Elsie learned everything easily


years flew by with arrow-like swiftness, and Elsie had now become a blooming maiden, and had learned many things which would never have become known to her during her whole life, if she had lived in the village. But Kiisike remained the same little child as on the day when she first met Elsie in the wood. The governess who lived in the house with the lady instructed Kiisike and Elsie for some hours daily in reading and writing, and in all kinds of fine work. Elsie learned everything easily, but Kiisike had more taste for childish games than for her lessons. When the whim took her, she threw her work away, caught up her little box, and ran out of doors to play on the lake, and nobody scolded her. Sometimes she said to Elsie, "It's a pity you've grown so big: you can't play with me any longer."

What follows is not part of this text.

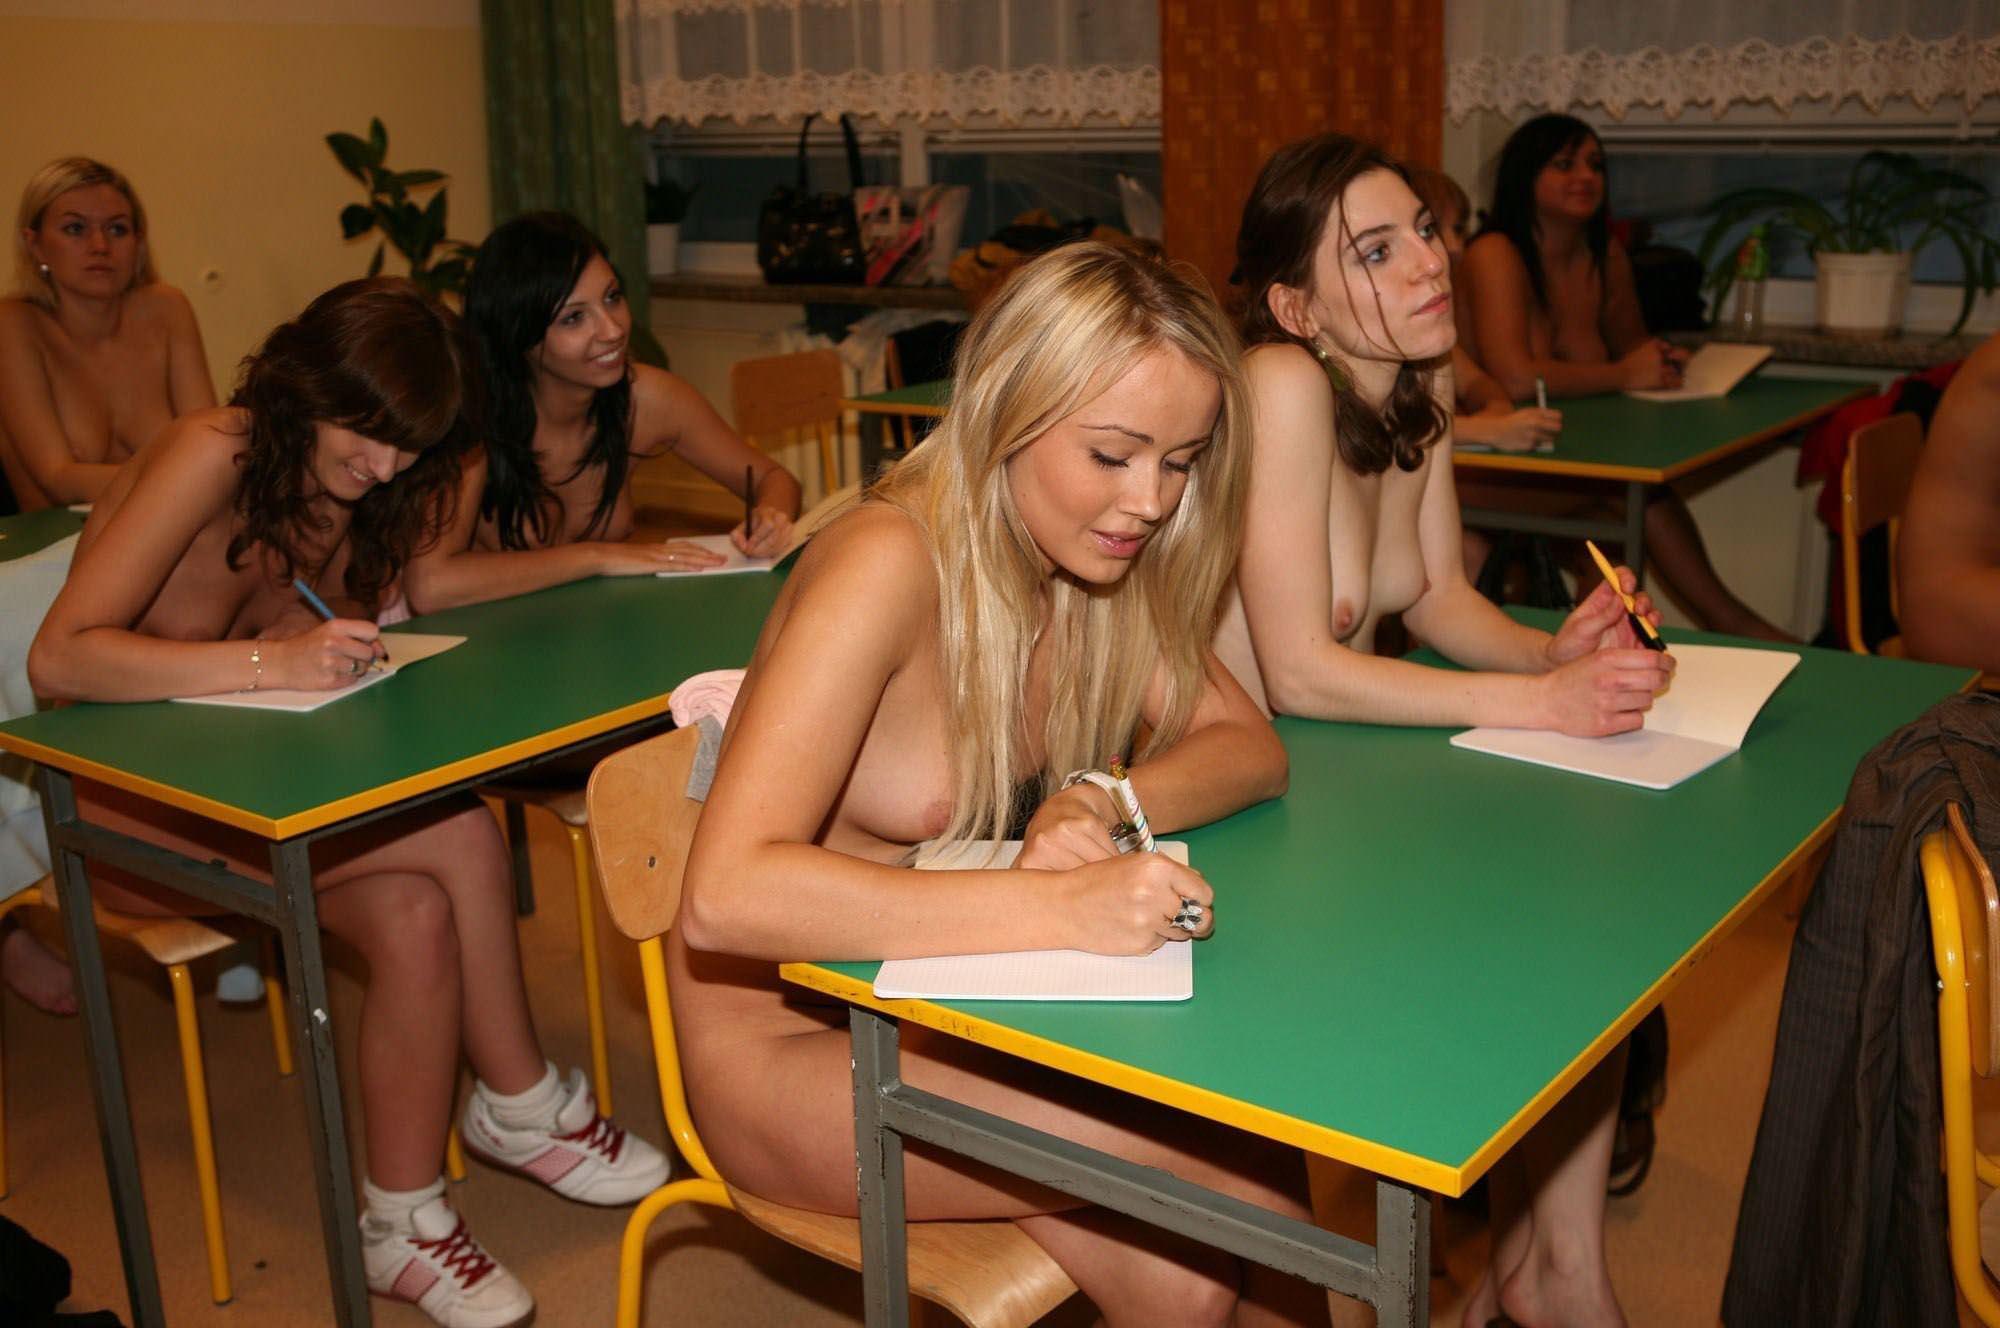 【外人】素っ裸のオールヌードで授業を受けるクラスのおふざけポルノ画像 8239
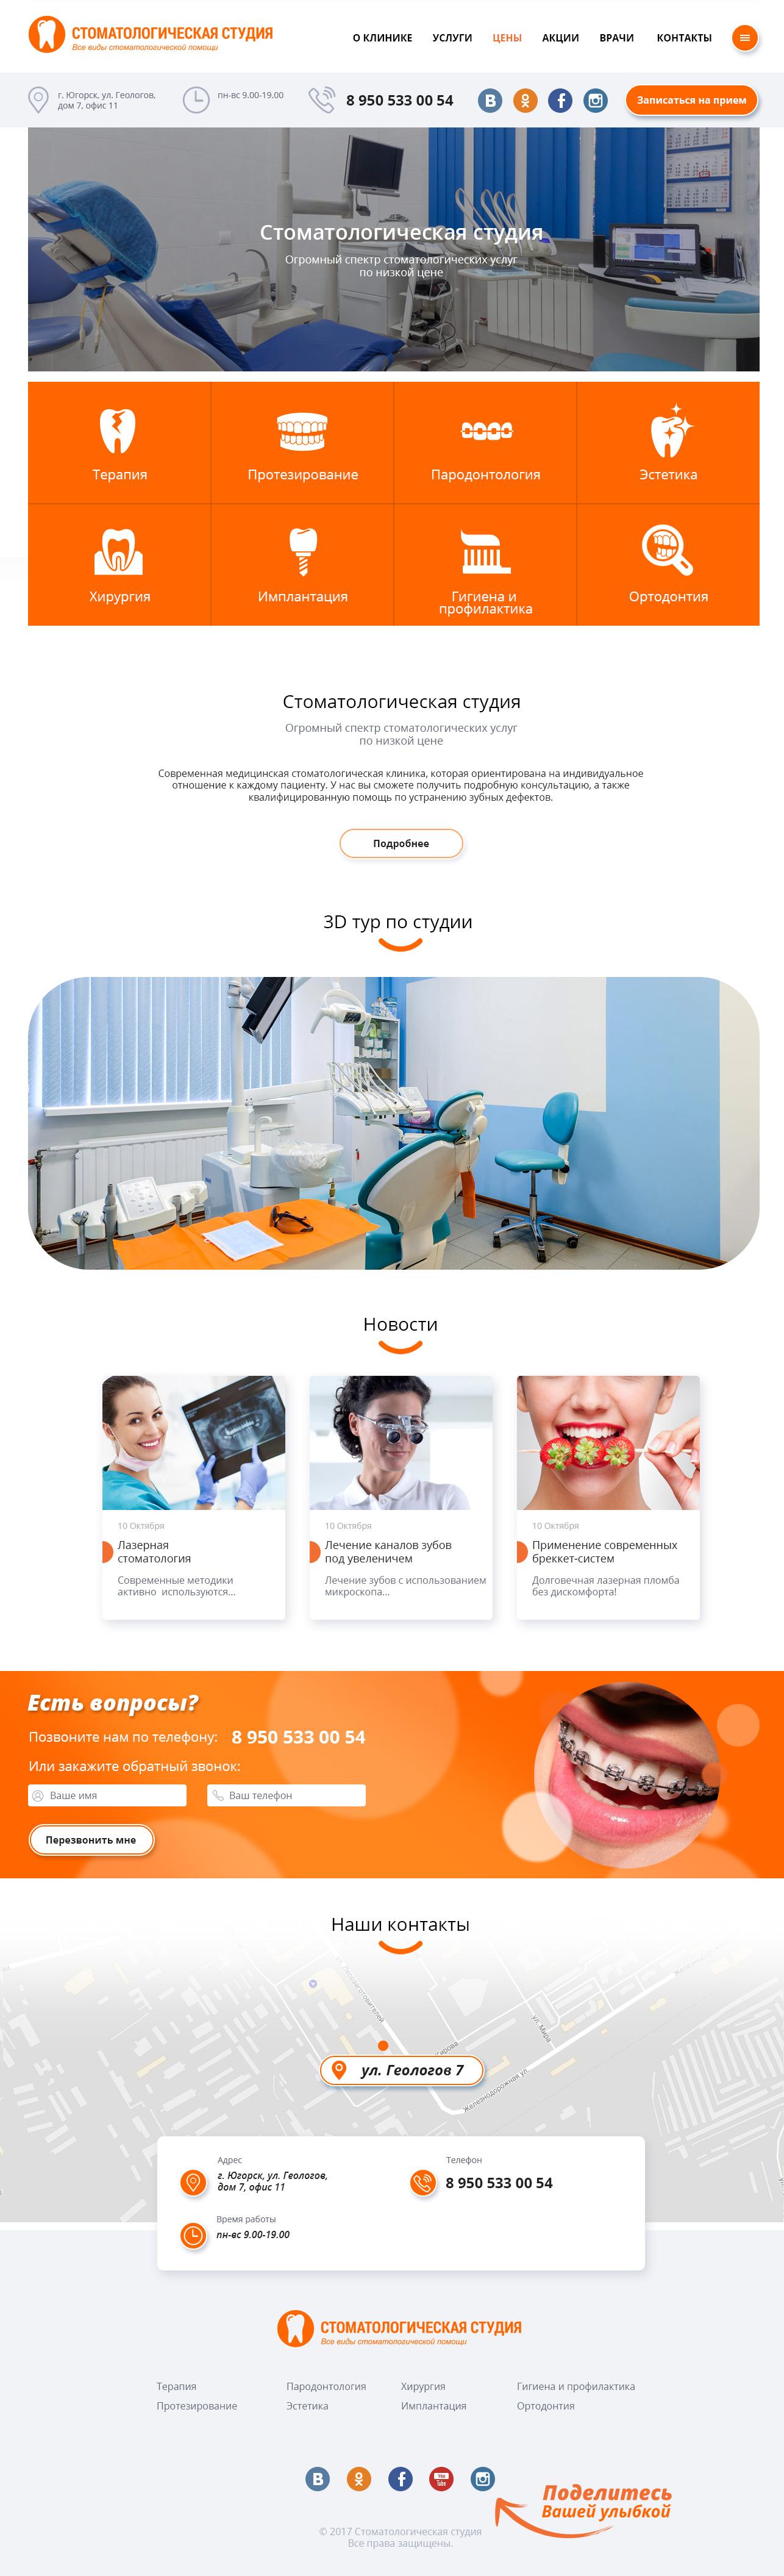 Стоматологическая студия

Nine years passed in this way, and one evening the lady sent for Elsie to come to her room. This surprised Elsie, for the lady had never sent for her before; and her heart beat almost to bursting. When Elsie entered, she saw that the lady's cheeks were red, and her eyes were filled with tears, which she hastily wiped away as if to hide them. "My dear child," said the lady, "the time has come when we must part." "Part!" exclaimed Elsie, throwing herself at the lady's feet. "No, dear lady, we must never part till death shall separate us. I have always behaved well; don't drive me from you." But the lady said soothingly, "Calm yourself, child. You do not yet

know how much it will increase your happiness. You are now grown up, and I must not keep you here any longer in confinement. You must go back among mankind, where happiness awaits you." Elsie still besought her, "Dear lady, don't send me away; I wish for no other happiness than to live and die with you. Let me be your chambermaid, or give me any other work to do that you like, only don't send me out into the wide world again. It would have been better for you to have left me with my stepmother in the village than for me to have spent so many years in heaven only to be thrust out again into hell." "Be still, dear child," said the lady. "You cannot understand what it is my duty to do for your good, hard as it is for me also. But everything must be done as I direct. You are a child of mortal man,[144] and your years must come at length to an end, and therefore you cannot remain here any longer. I myself and those around me possess human forms, but we are not human beings like you, but beings of a higher order, whom you cannot comprehend. You will find a beloved husband far away from here, who is destined for you, and you will live happily with him, until your days draw to a close. It is not easy for me to part with you, but so it must be, and therefore you must also submit quietly." Then she passed her golden comb through Elsie's hair and told her to go to bed. But how should poor Elsie sleep this unhappy night? Her life seemed like a dark starless night-sky.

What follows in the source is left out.